Not just operational level surprise but actual tactical surprise on individual border units being disarmed before a shot had been fired. There is a sense of being caught at a standing start, being knocked down and then having to right yourself - and with a flood coming at you - and I think that’s very much what the Red Army probably felt in 1941. It had survived improbably and perhaps, miraculously, that onslaught and in 1942 it had reacted to the first German manoeuvres in May and then in the opening of Operation Blue with a whole scale retreat. Like, we’re not going to do that again, let’s get out of here. But then I think it had found a moment and it had anchored itself in a couple of positions. I’m thinking of Stalingrad and the Caucasus where suddenly it realised, like Montgomery’s men of the 8th Army Unit undoubtedly realised at El Alamein and like the Americans had realised some time as they were retreating from the Kasserine Pass, that we’re still here, we’re still alive, they’re flesh and blood like we are, they are not supermen despite Nazi propaganda proclaiming them to be supermen.

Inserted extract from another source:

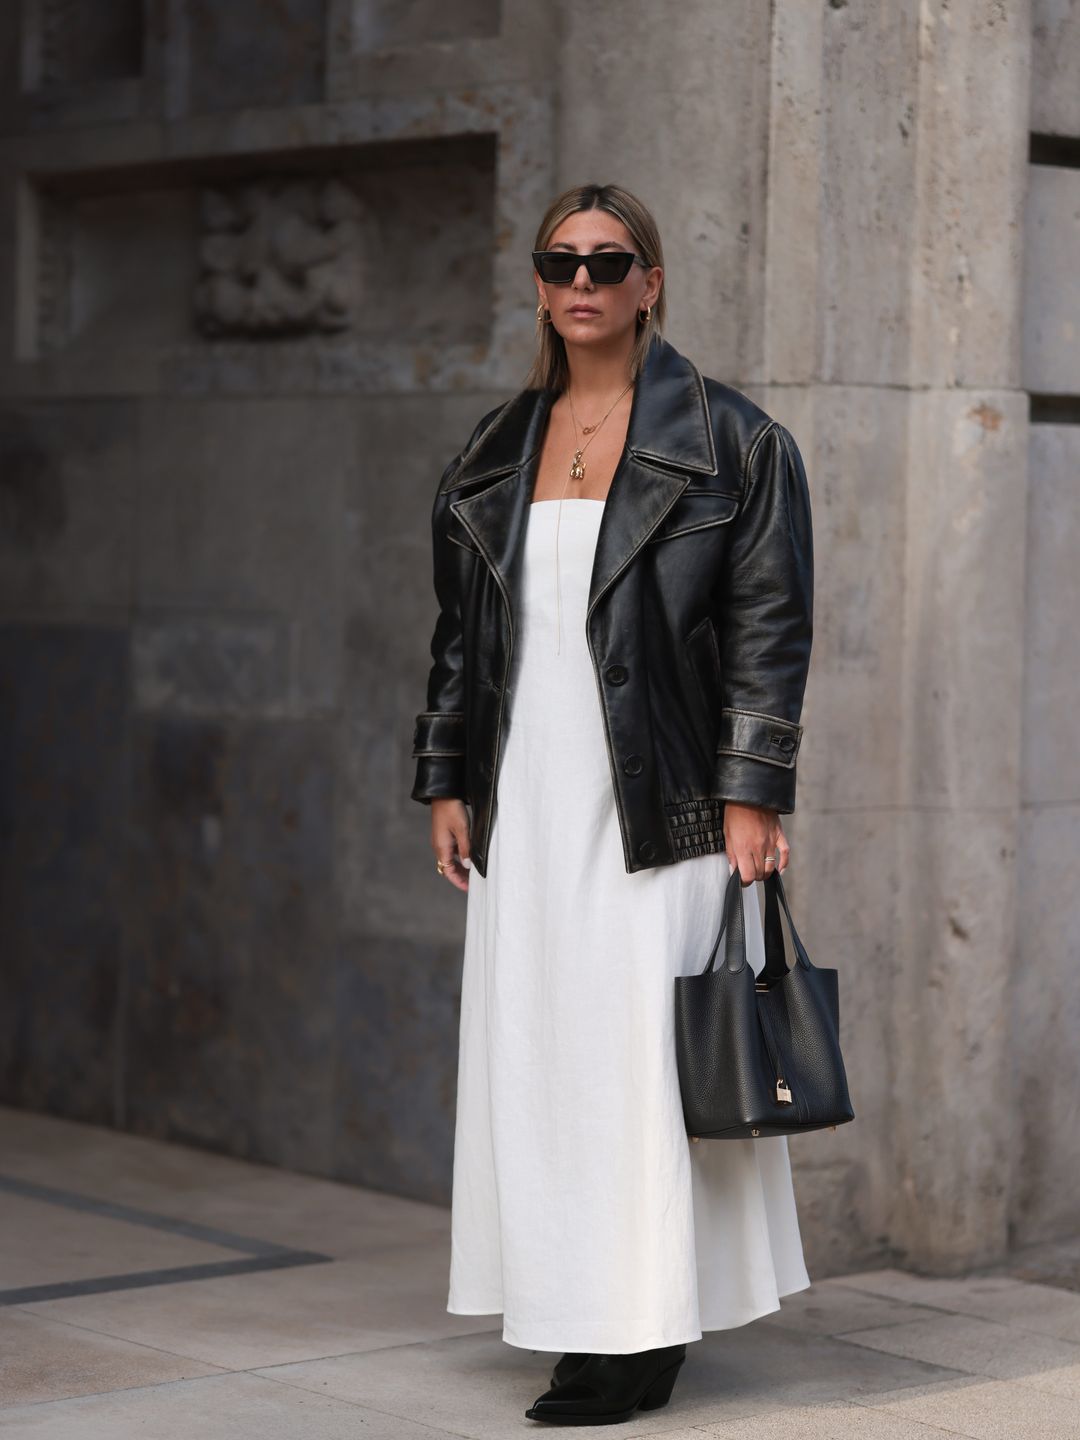 Woman is wearing a white dress with an oversized black leather jacket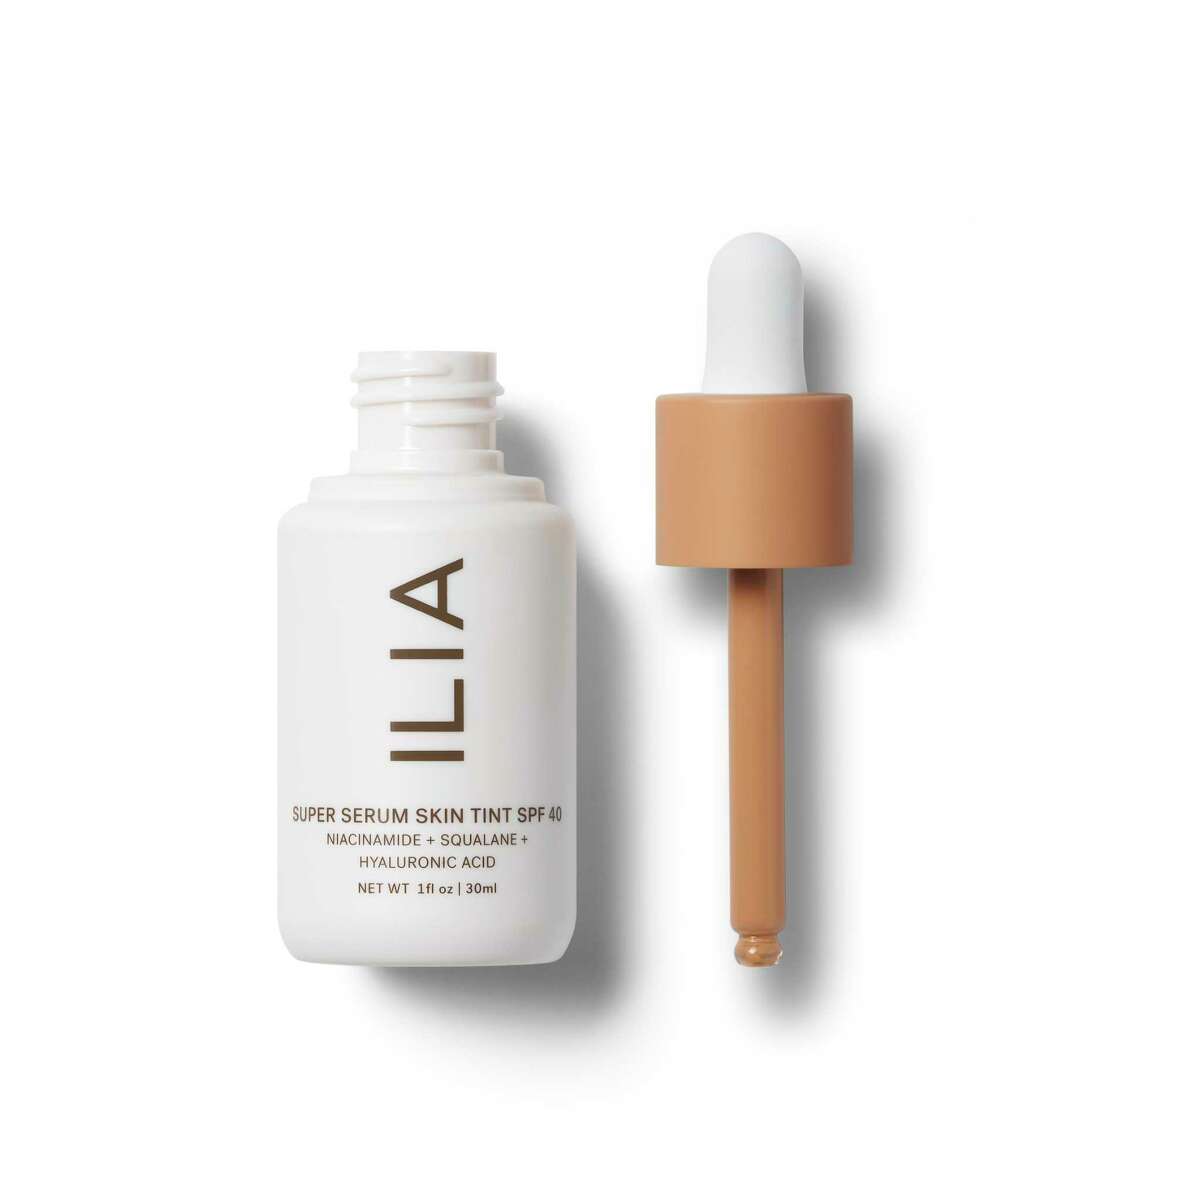 Ilia Super Serum Skin Tint SPF 40: With 18 shades, this weightless SPF serum employs hyaluronic acids to soften, moisturize and protect skin from UVA, UVB and blue light; $46 at iliabeauty.com, Sephora and Kuhl-Linscomb.

So suddenly those armies has anchored themselves.

For the Soviet Army, of course, it was in the street fight in Stalingrad and then the mountain fight in the Caucasus. And from that point, once the Germans had lost the kind of operational superiority, only at that point I think could we say that the superior resources of the allies could begin to tell. You know, Richard Overy, who’s a scholar of some note on all this, has written a marvelous book given the very simple title of “Why The Allies Won.” Because I think for too long we’ve looked at what the Germans did: they turned left when they should have turned right, they should have halted when they should have gone on, and they went on when they should have halted, with Hitler becoming increasingly mad. I think Overy is onto something when he looks at the fact that there have been a lot of coalitions that have had superior resources and they’ve still managed to lose wars. If war was a matter of resources the US would have been triumphant in Vietnam. But, of course, it wasn’t. And so I think at first those armies had to gain a sense of themselves. I don’t want to personify them too much and say they were like individual personalities, but I do think there’s something to it.

They had to get a sense of themselves, a sense of the possibilities that they were able to explore. And I think to do that first of all they had to survive, and that’s why those anchoring moments are perfect. For the Anglo-American alliance it was that drive into Tunisia, a side-show perhaps but one that picked up a couple of hundred thousand casualties. And, of course, for the Soviet Union it was the great counteroffensives North and South of Stalingrad.